DIRECTIONS FOR THIS TASK ->
Every line of the listing below should come back exactly as written, with no images.

··· SUPPLIED DATA

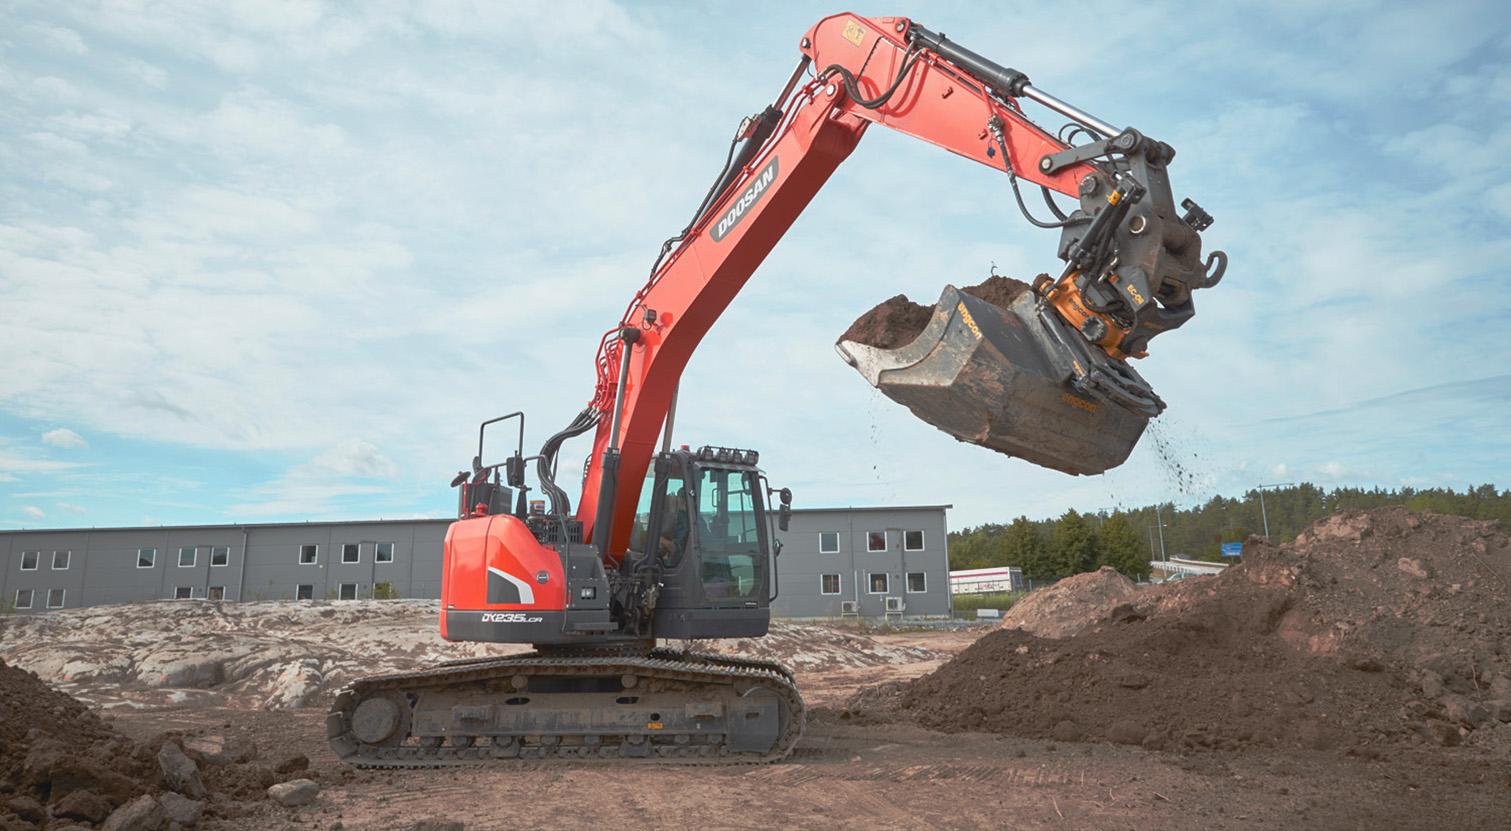 Vi hyr ut grävmaskin i Uppsala
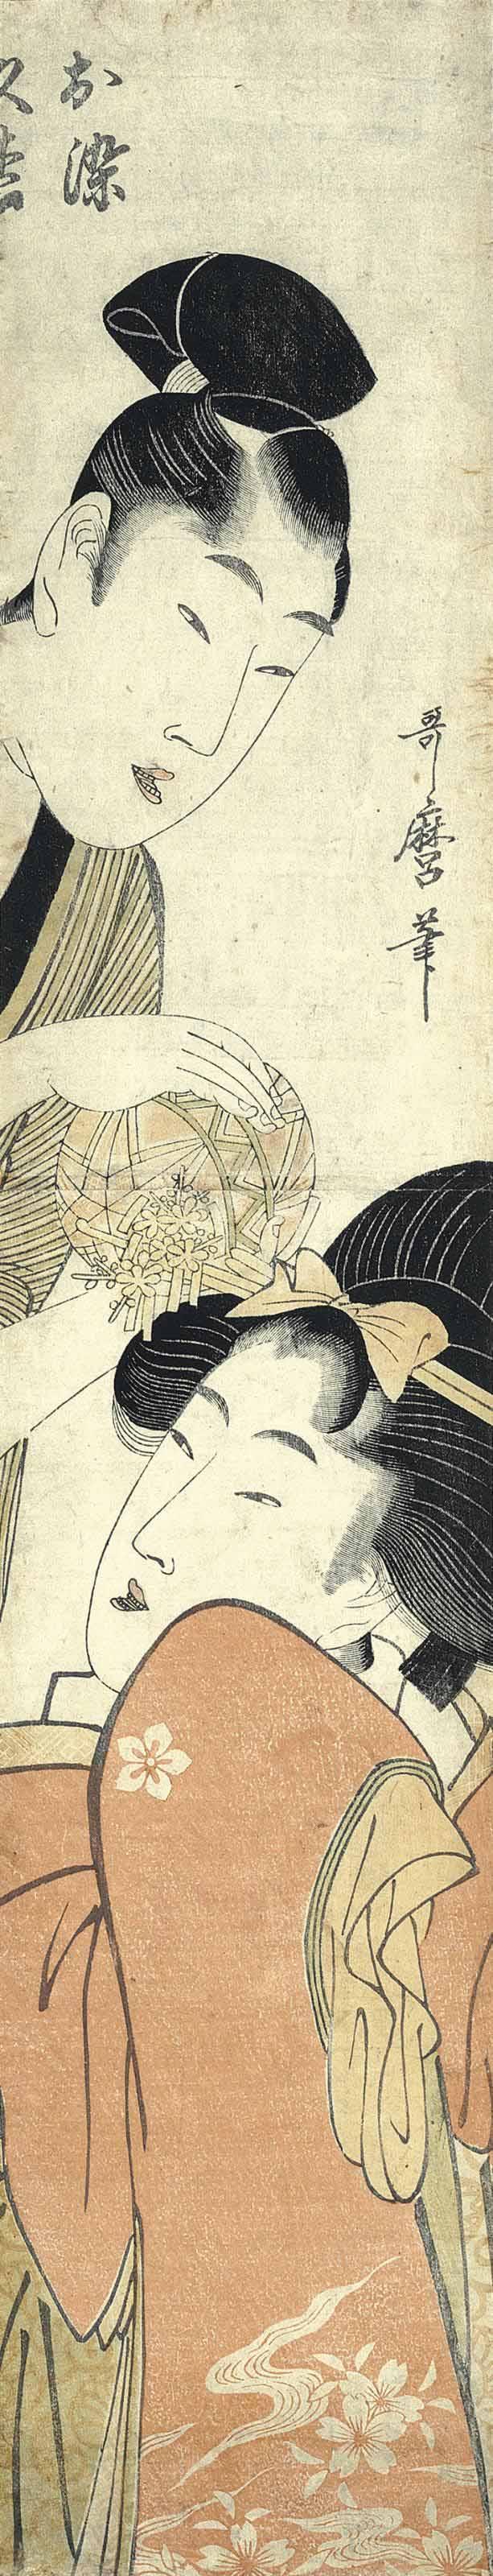 Kitagawa Utamaro (1753?-1806) After Torii Kiyonaga (19th century)
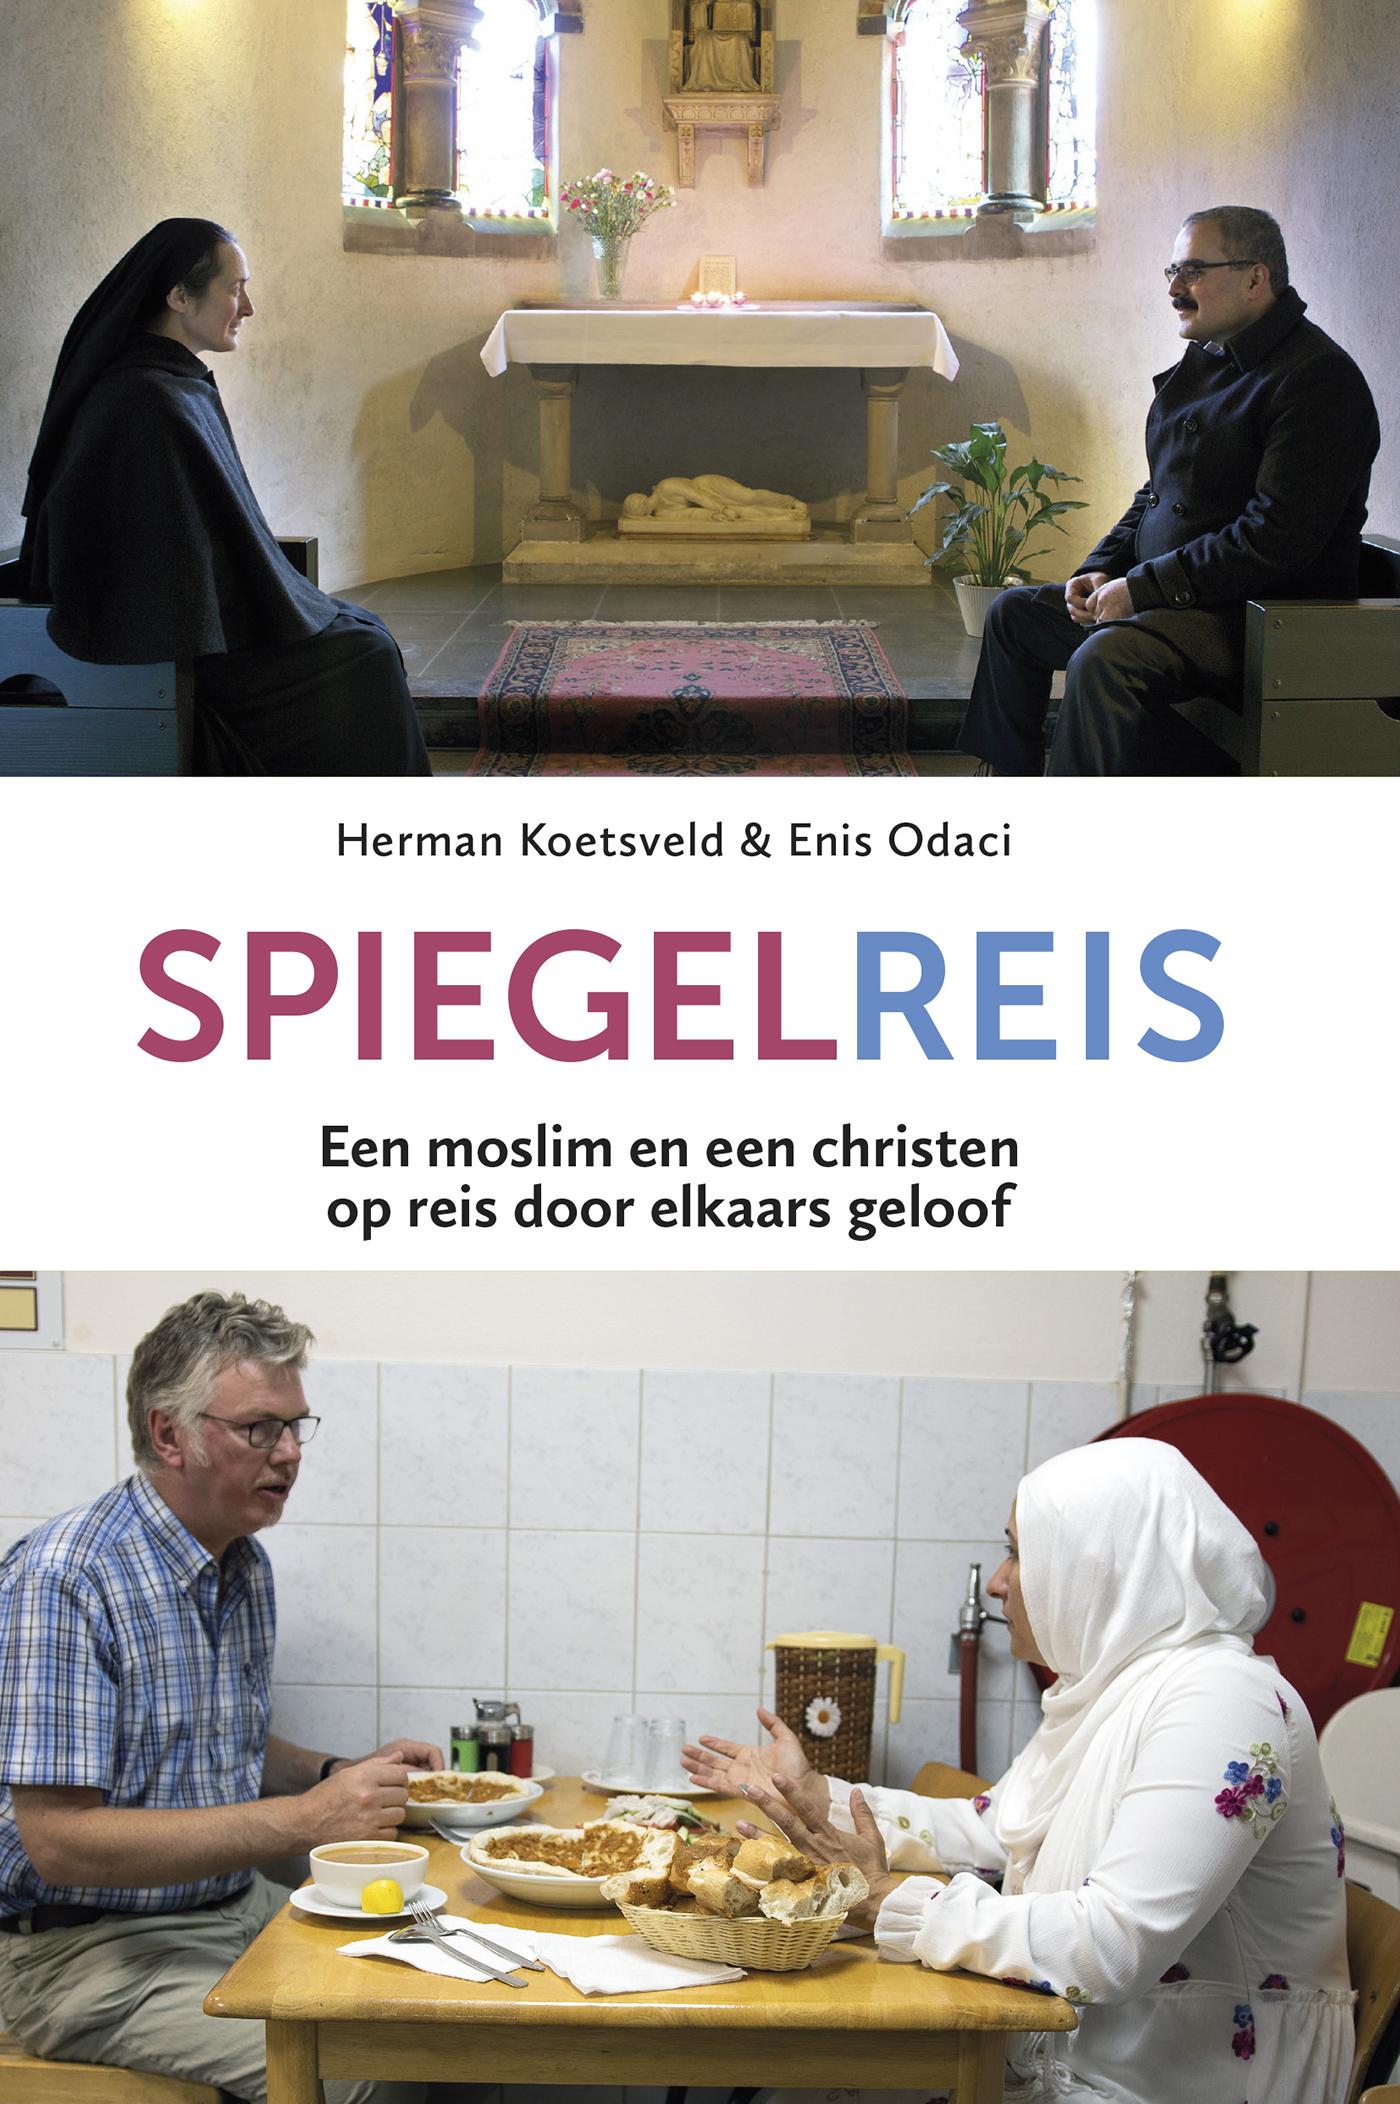 Spiegelreis
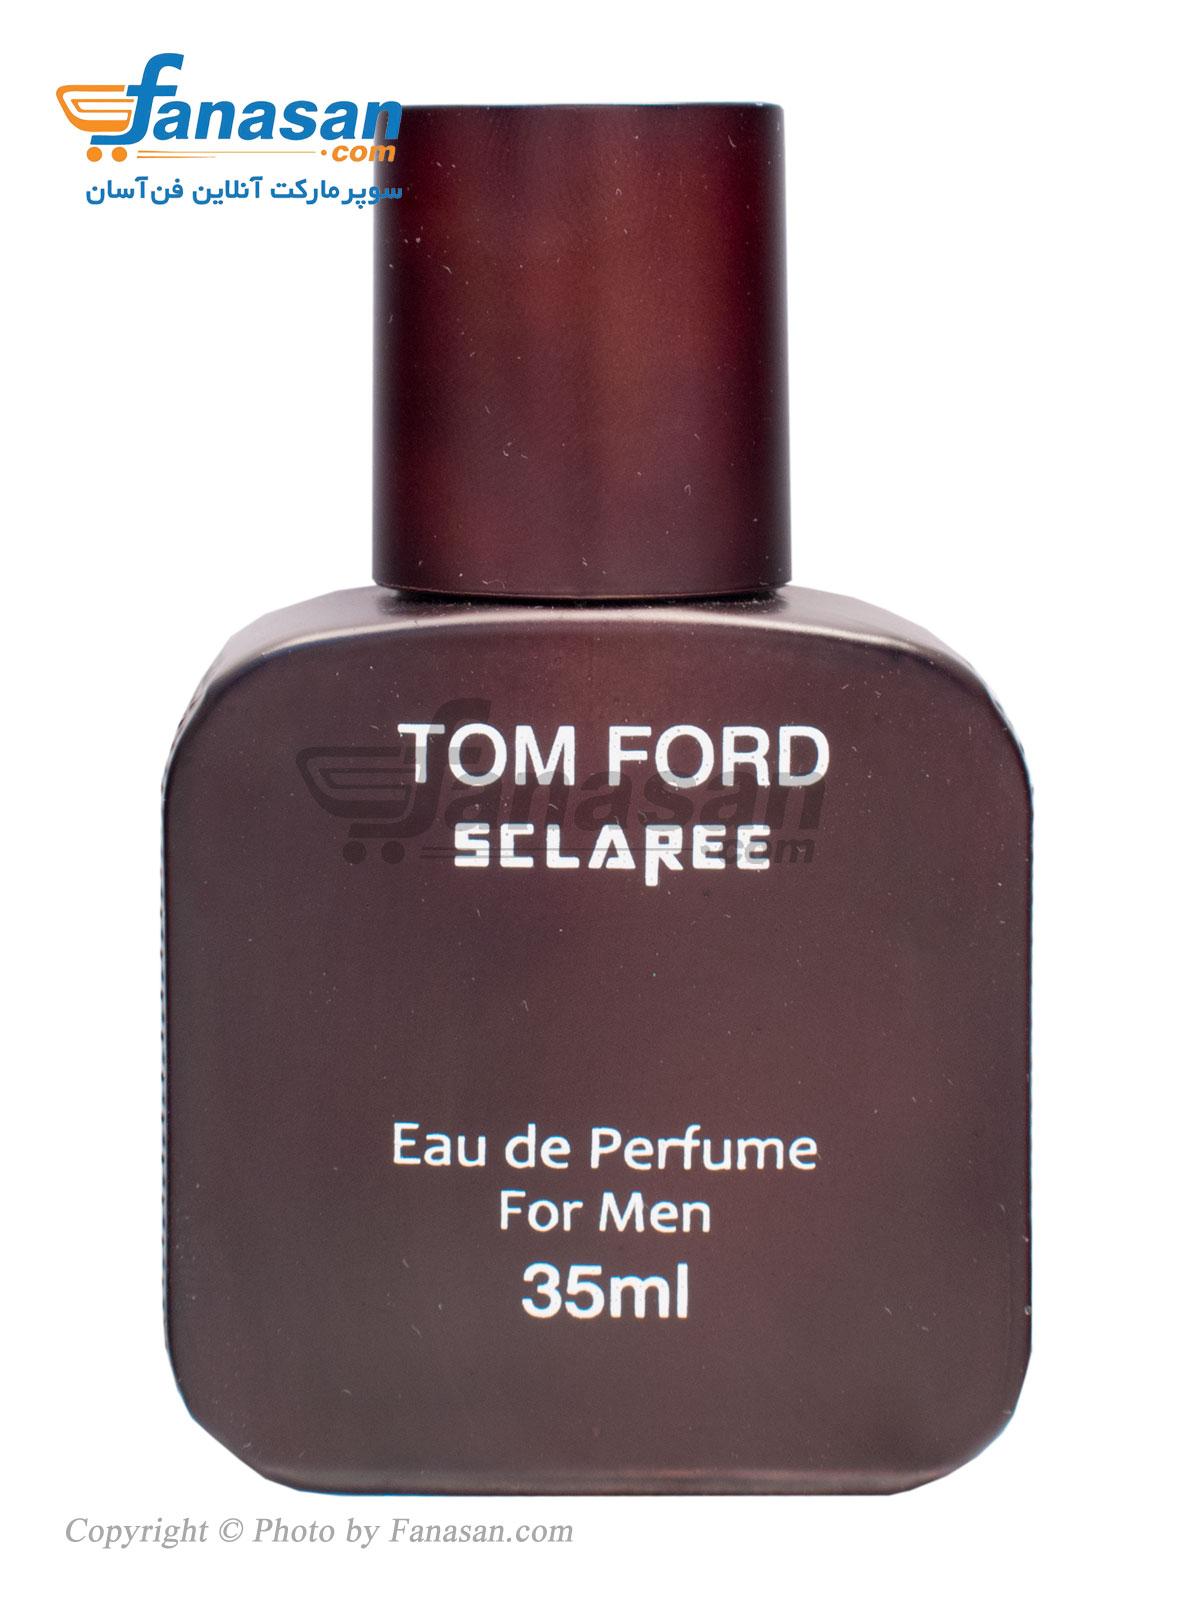 ادو پرفیوم اسکلاره با رایحه Tom Ford مناسب برای آقایان 35 میلی لیتر

······

WRITTEN ANSWER ->
 Vi hyr ut grävmaskin i Uppsala
 Kitagawa Utamaro (1753?-1806) After Torii Kiyonaga (19th century)
 Spiegelreis
 ادو پرفیوم اسکلاره با رایحه Tom Ford مناسب برای آقایان 35 میلی لیتر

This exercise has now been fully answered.